Equivalently, in terms of the original language \(L\): there exist an \(L\)-formula \(\psi(\mathbf{x}, \mathbf{y})\) and parameters \(\mathbf{b} \in B^m\) such that \(X = \{\mathbf{a} \in M^n : \mathcal{M} \models \psi(\mathbf{a}, \mathbf{b})\}\). We say \(X\) is definable (in \(\mathcal{M}\) if it is \(M\)-definable, and 0-definable or parameter-free if it is \(\emptyset\)-definable.

Every definable set is \(B\)-definable for some finite \(B\), since formulas are finite objects and can only involve finitely many parameter symbols.

Examples of Definable Sets

The motivating example with which the professor opened Lecture 23 is the ordered ring of real numbers. One can define the interval \((0,1)\) as the solution set of \(0 < x \wedge x < 1\), where 0 and 1 are constants. The interval \((0, \tfrac{1}{2})\) can be defined without a name for \(\tfrac{1}{2}\): the formula \(\exists y (y + y = 1 \wedge x < y)\) in one free variable \(x\) says “there exists a half and I am less than it,” giving exactly \((0, \tfrac{1}{2})\). General rational endpoints are reachable by similar tricks. But the interval \((0, \pi)\) requires naming \(\pi\) explicitly — one must work in the expanded language \(L_{\{\pi\}}\) to write \(0 < x \wedge x < \bar{\pi}\).

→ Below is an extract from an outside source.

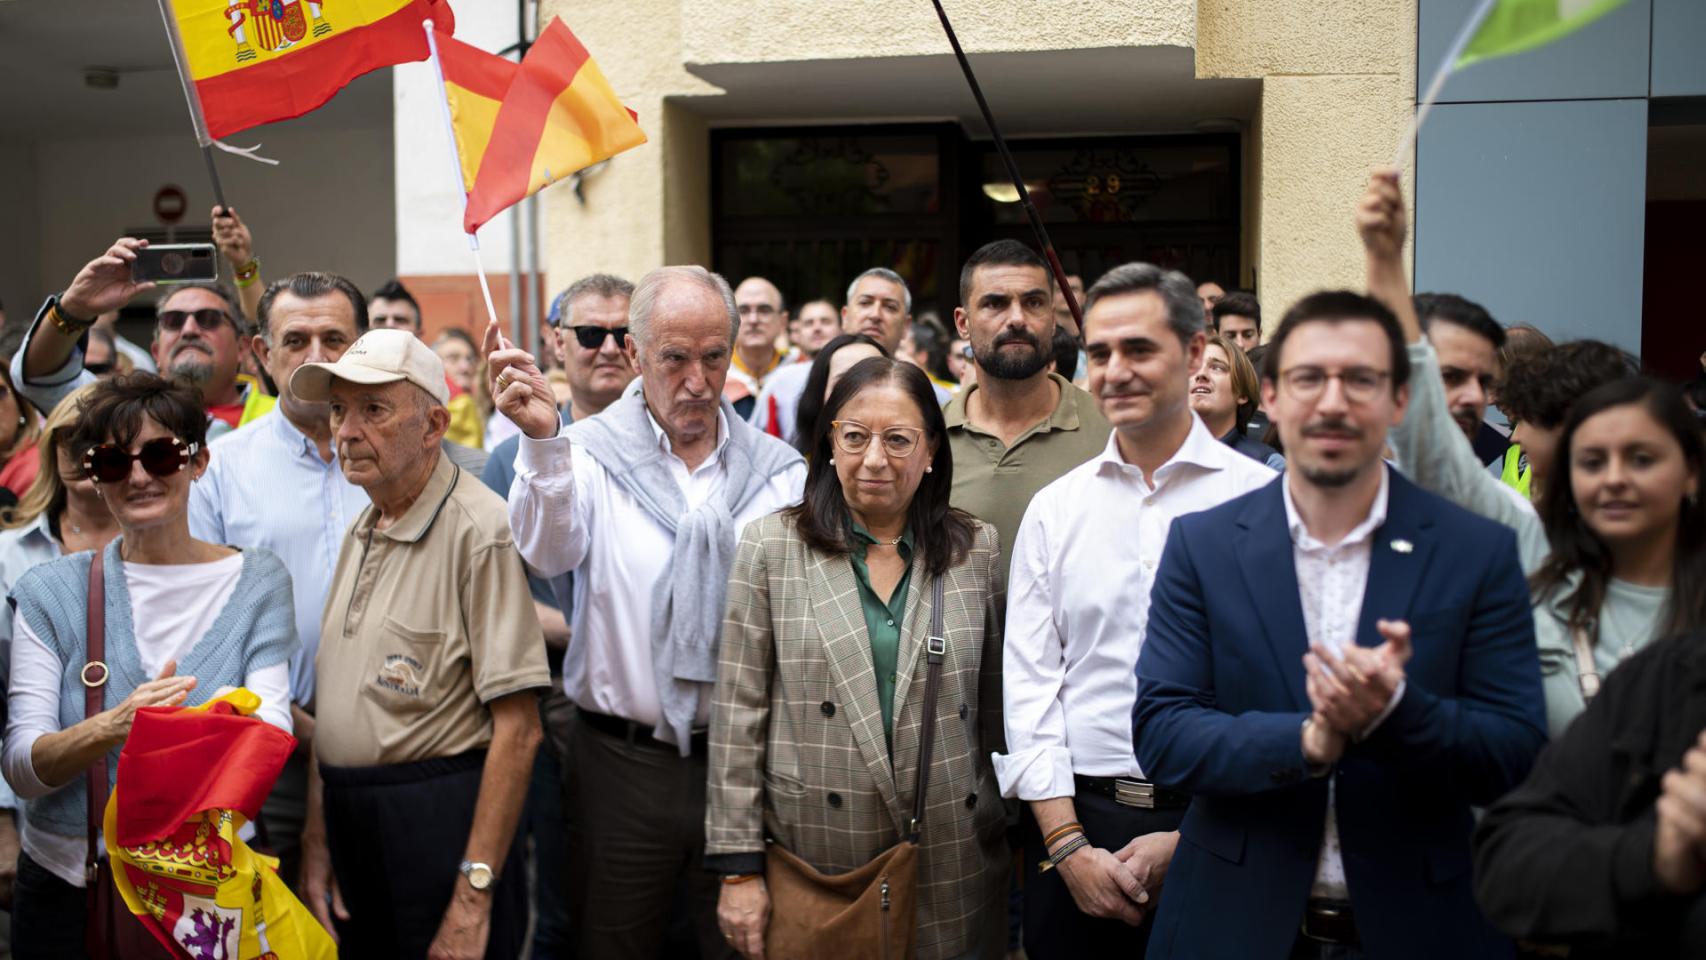 La presidenta de las Cortes Valencianas, Llanos Massó, participa en la protesta convocada por VOX contra la amnistía frente a la sede del PSOE en Castellón este domingo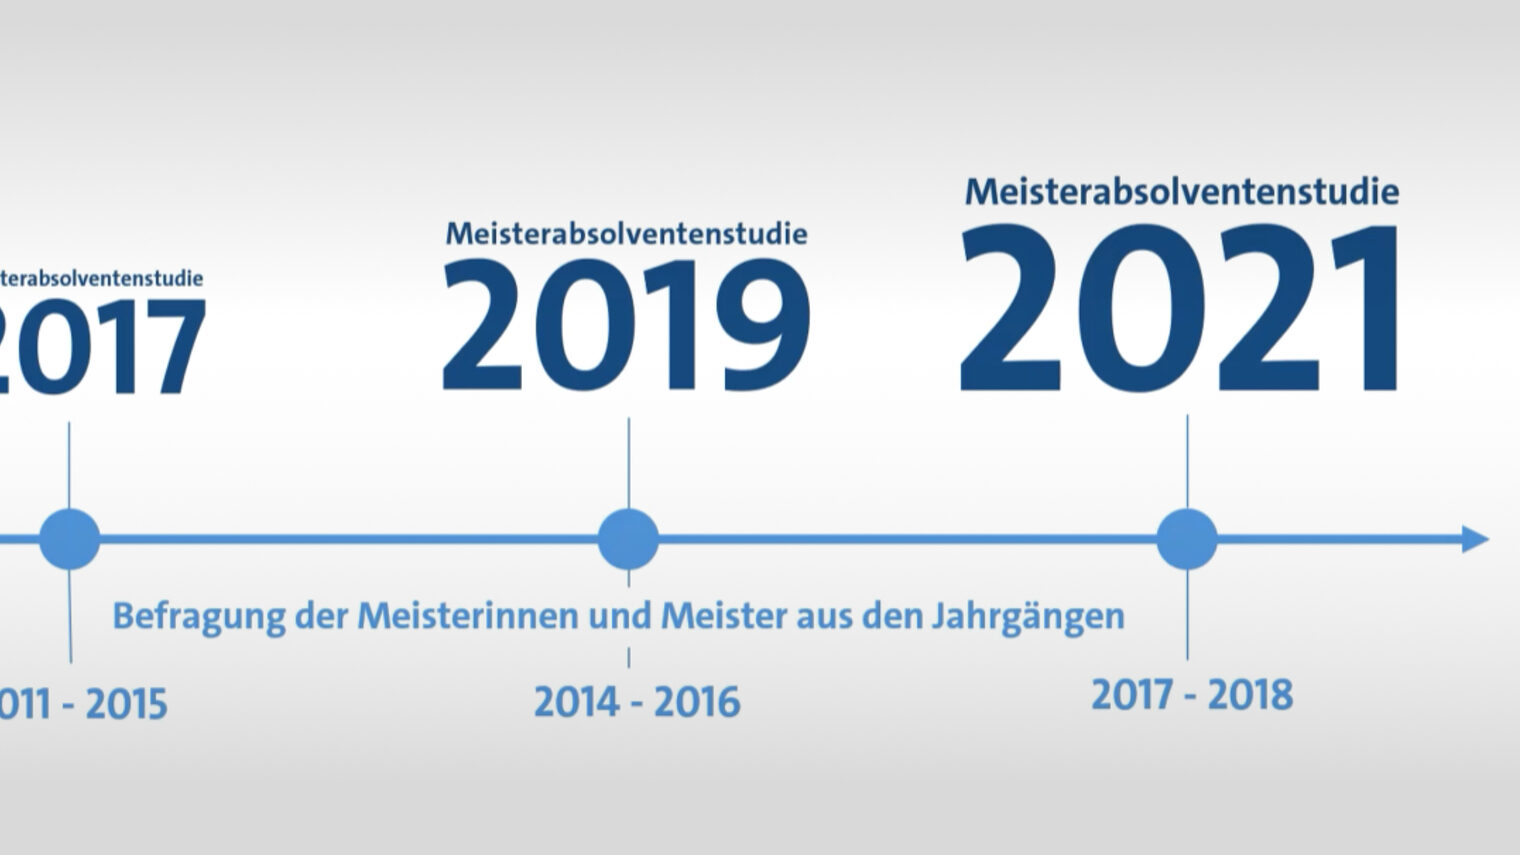 Zeitstrahl mit 2017, 2019 und 2021 zum Thema der Befragung von Meisterinnen und Meistern

The broader picture of definable sets in rings is laid out in Examples 4.31–4.34 of the notes:

\[V(p_1, \ldots, p_\ell) = \{\mathbf{a} \in R^n : p_1(\mathbf{a}) = \cdots = p_\ell(\mathbf{a}) = 0\},\]

is quantifier-free definable by the conjunction \(\bigwedge_i (p_i(x_1, \ldots, x_n) = 0)\). These are called algebraic sets or Zariski-closed sets, and their finite Boolean combinations are the Zariski-constructible sets — which are exactly the quantifier-free definable sets in any commutative unitary ring.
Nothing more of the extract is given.